Unsafe Pattern: Direct Interpolation in Bash¶

# UNSAFE — template variables expand as bash code
- id: "bad-step"
  type: "bash"
  command: |
    FINDINGS={{validated_findings}}  # JSON becomes bash syntax
    echo "$FINDINGS" | python3 -c "import sys, json; ..."

This fails because {{validated_findings}} expands to raw JSON like {"validated": [...]}, which bash interprets as command groups.

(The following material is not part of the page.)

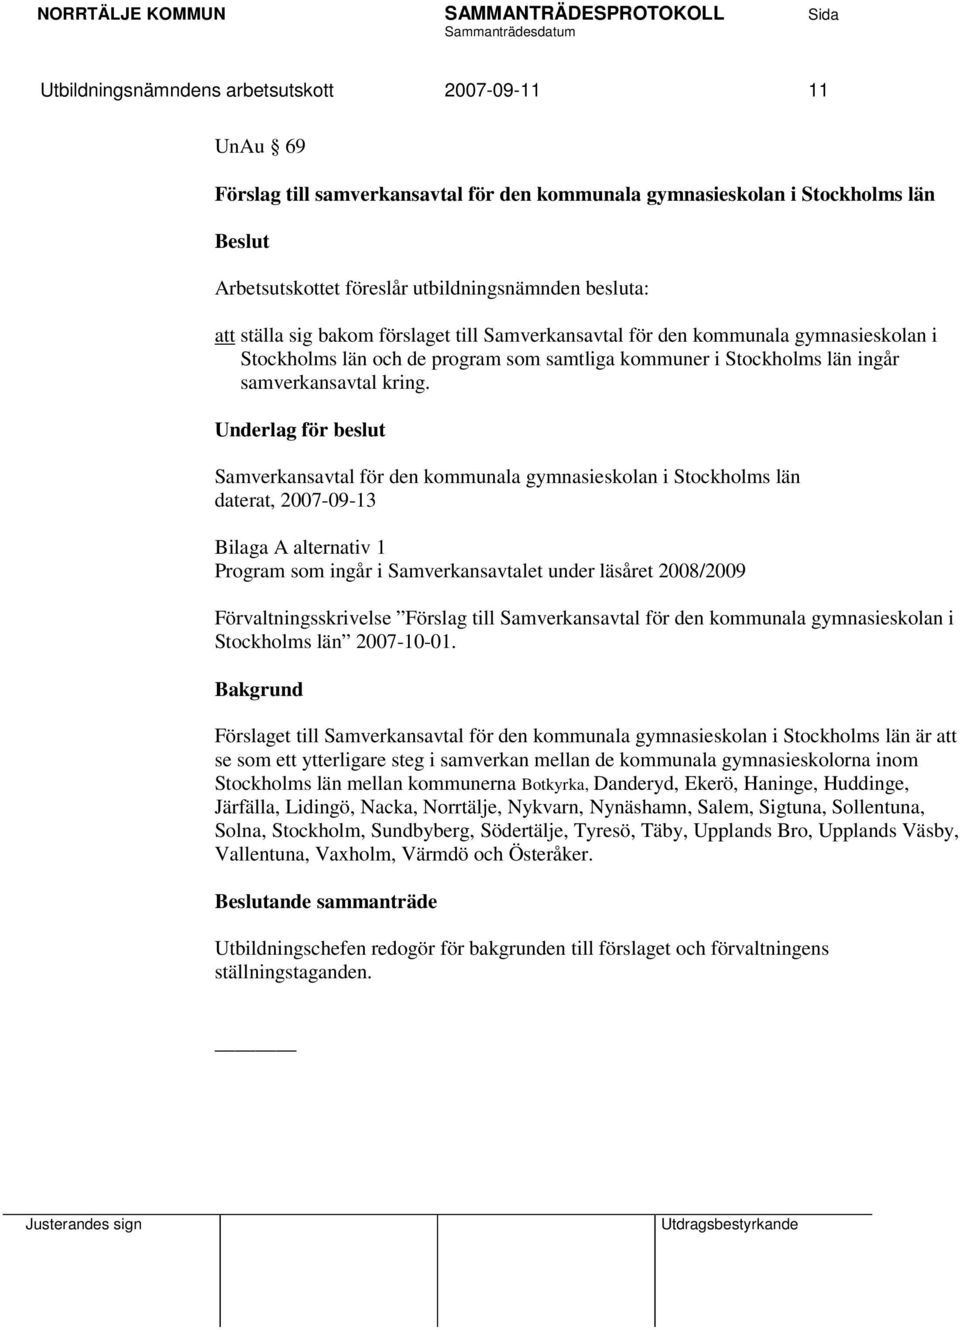 Underlag för beslut Samverkansavtal för den kommunala gymnasieskolan i Stockholms län daterat, 2007-09-13 Bilaga A alternativ 1 Program som ingår i Samverkansavtalet under läsåret 2008/2009

Alternative: Inline Python via Quoted Heredoc¶

For simpler steps that only need one variable:

- id: "recurse-decision"
  type: "bash"
  command: |
    _TMPFILE=$(mktemp)
    trap 'rm -f "$_TMPFILE"' EXIT
    cat > "$_TMPFILE" <<'__EOF__'
    {{validated_findings}}
    __EOF__

    python3 - <<'PYEOF'
    from amplihack_utils.defensive import parse_llm_json
    with open("'$_TMPFILE'") as f:
        data = parse_llm_json(f.read())
    PYEOF

Note: The heredoc delimiter must be single-quoted (<<'__EOF__'). An unquoted delimiter (<<__EOF__) allows bash to expand $ and backticks inside the heredoc, re-introducing the injection vulnerability.

Invocation¶

Use amplihack recipe run from the CLI:

amplihack recipe run quality-audit-cycle \
  -c target_path="src/amplihack" \
  -c repo_path="." \
  -c min_cycles="3" \
  -c max_cycles="6" \
  --verbose

Do not use amplihack recipe execute — this CLI form is deprecated. amplihack recipe run is the canonical invocation, consistent with dev-orchestrator and all other recipe workflows.